Arne returned from the sea in the light June dusk as unexpectedly as last September, shoulders shaking slightly in the cool of the night, drawing audibly in the appetizing fragrance of the soup on the stove.
They were sitting by their lonely, burning hearth, eating, their eyes never wavering from the other's face. Inger served the man, ladling soup out of the pan.
"You're so festive," the man remarked.
"For you," Inger smiled. "All for you."
Abed in the tent Arne kissed the girl's hands, fingers, cheeks. He almost didn't dare to touch her, was shy and gentle. It was the way it had been at the beginning when they didn't know each other, were shy and shamefaced, were afraid to scare the other away, to spoil something gentle and sincere.
Arne was his old strong and gentle self.

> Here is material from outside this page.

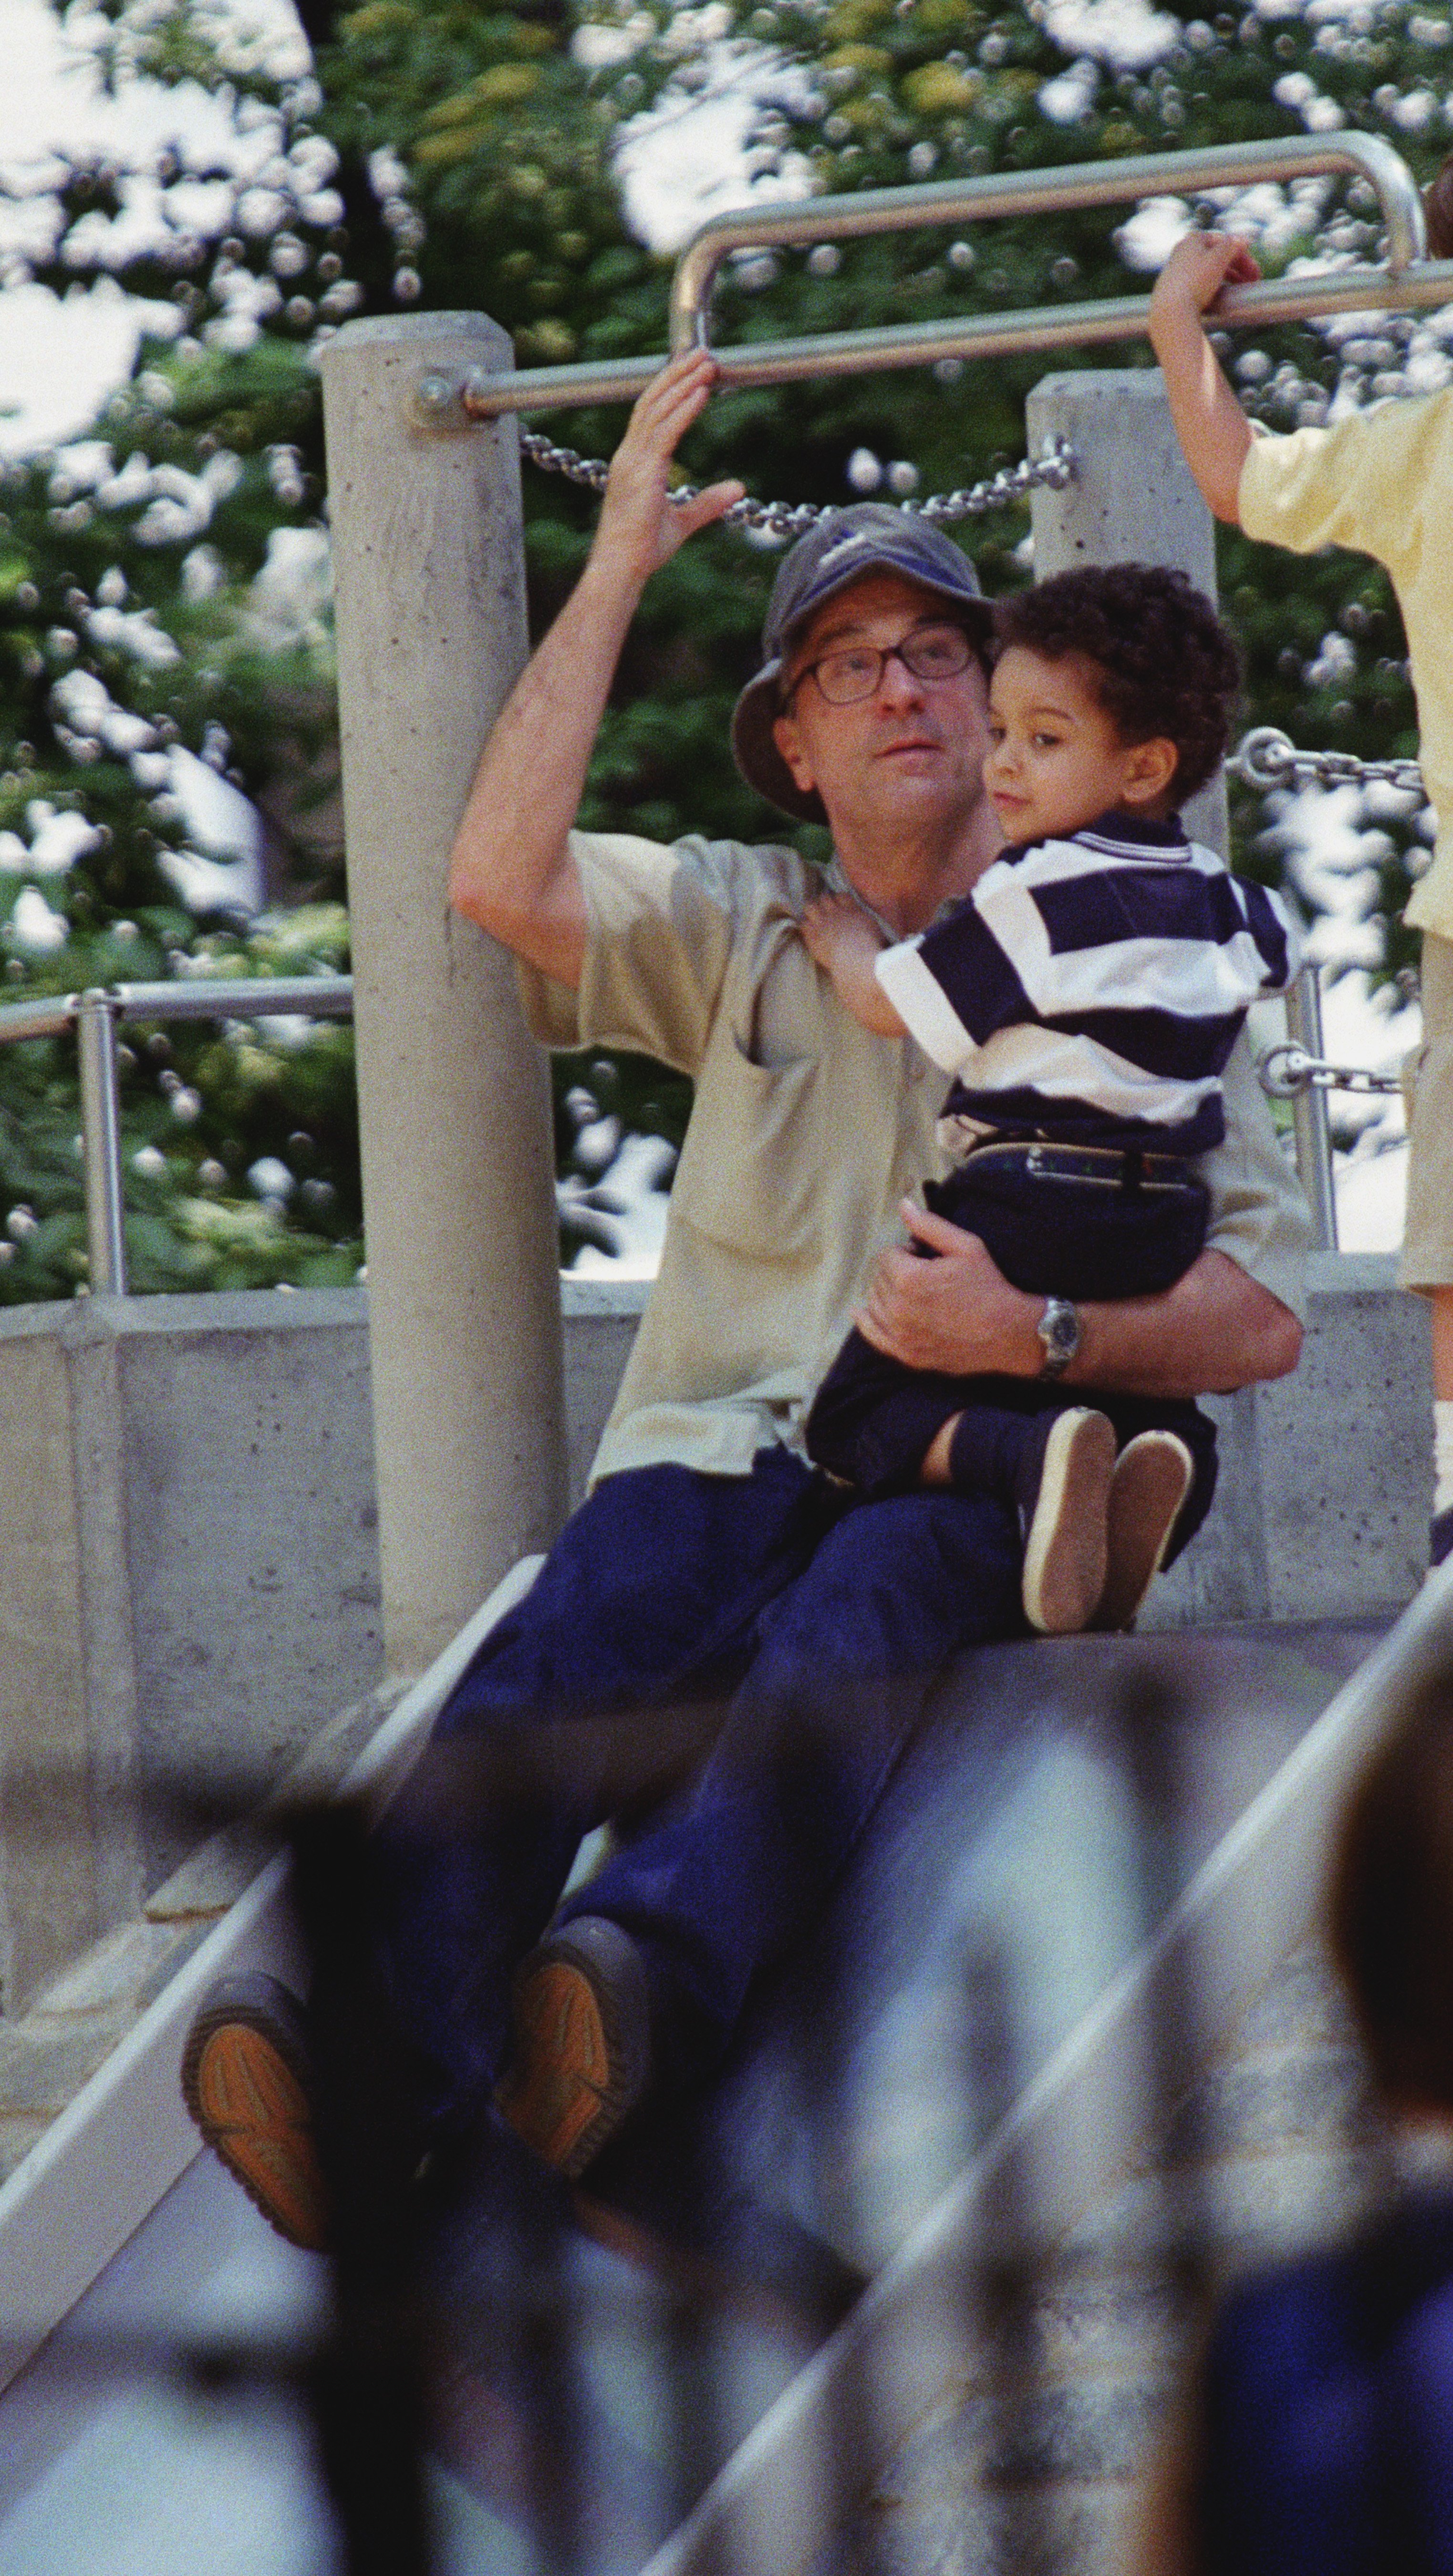 El productor Robert De Niro y su hijo, Elliot, fotografiados en Sliding Pond en Central Park, Nueva York. | Foto: Getty Images
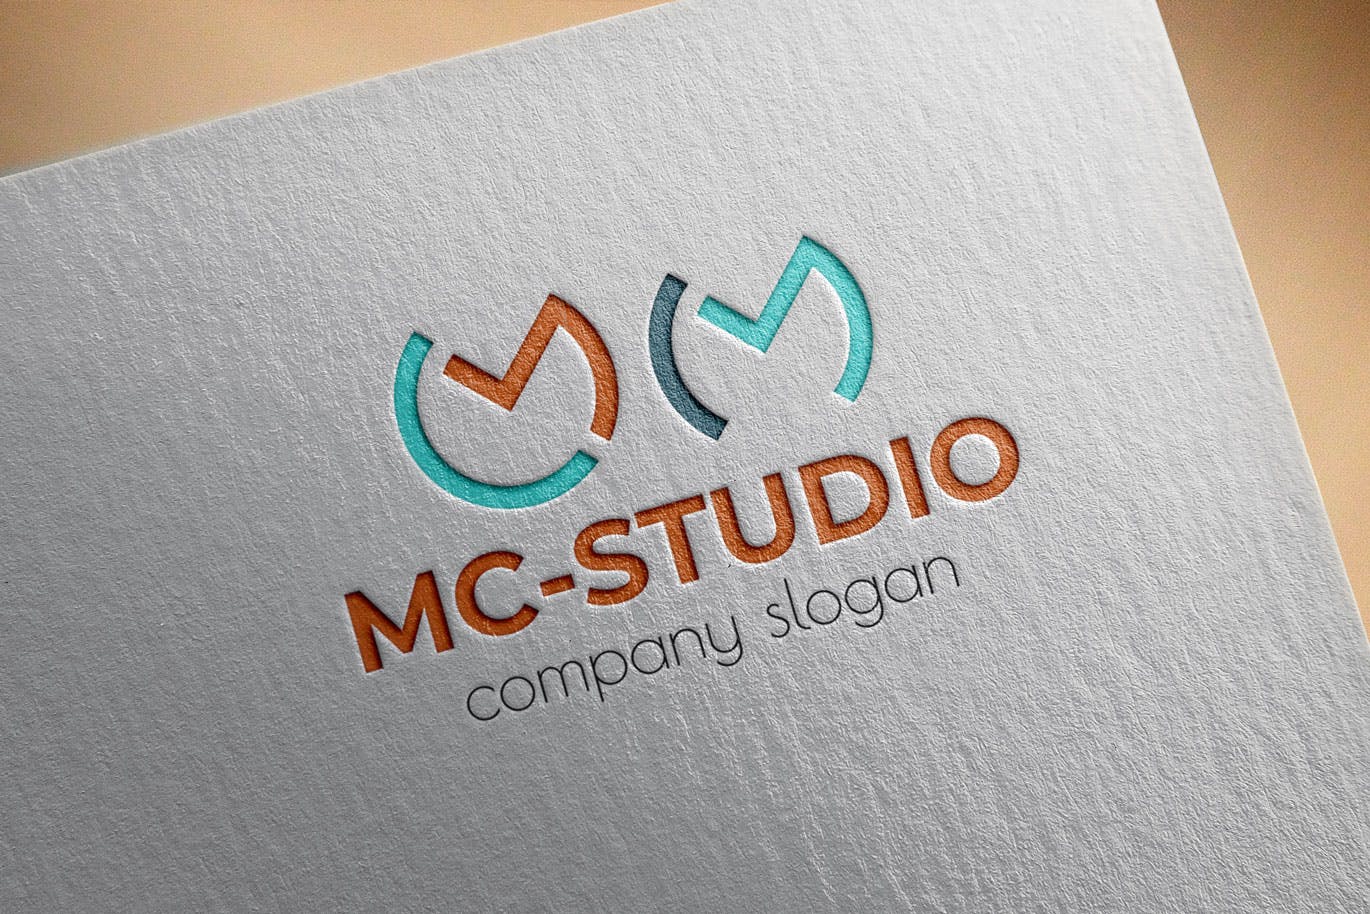 创意工作室图形Logo设计素材库精选模板 Mc Studio Creative Logo Template插图(2)

In him there were earth, blood and sun, vitality.
"Come what may, I love you." he whispered passionately. They fell asleep cheek to cheek.
Inger woke to a bright morning, the sun already high up over the sea.
"Did you have any dreams?"
"No. There was nothing to dream of. You were beside me I woke up, touched: you were there."
"You're in such bubbling spirits today!"
"Aren't I?" Inger yawned. "I'm such a pretty girl."
Arne laughed out loud. "Aren't you just!"
And when she went into the sea in the raw, Arne ran his eyes from her head down her figure. Why did he do that? Inger felt so strange. What was he thinking about, there on the beach while Inger was away, swimming?
Once again hope raised its head: there could be a third way. A way bringing them together yet not inflicting any pain on anybody, not breaking up anything, not hurting anybody.
She came out of the water, her long hair hanging limply, she tossed her hair out of her eyes and studied her body, her hips, the swell of her breasts. Arne had gone to fetch water from the spring. She was alone on the shore.
She felt strong and vigorous, the feeling supporting her suddenly kindled hope, coaxing it back into life. Nothing was lost yet. What if there were difficulties, the family, and even differences in their mental level. They will fight, between them they will have strength enough, their love will not die, they will not stagnate, their minds will not congeal, they shall find a way out. And through them life will go on.
In the tent she again put on her pretty colourful dress and went out to the stove where Arne had already built up a fire and taken out his coffee-tin. Well, how about that, he hadn't even forgotten to bring coffee!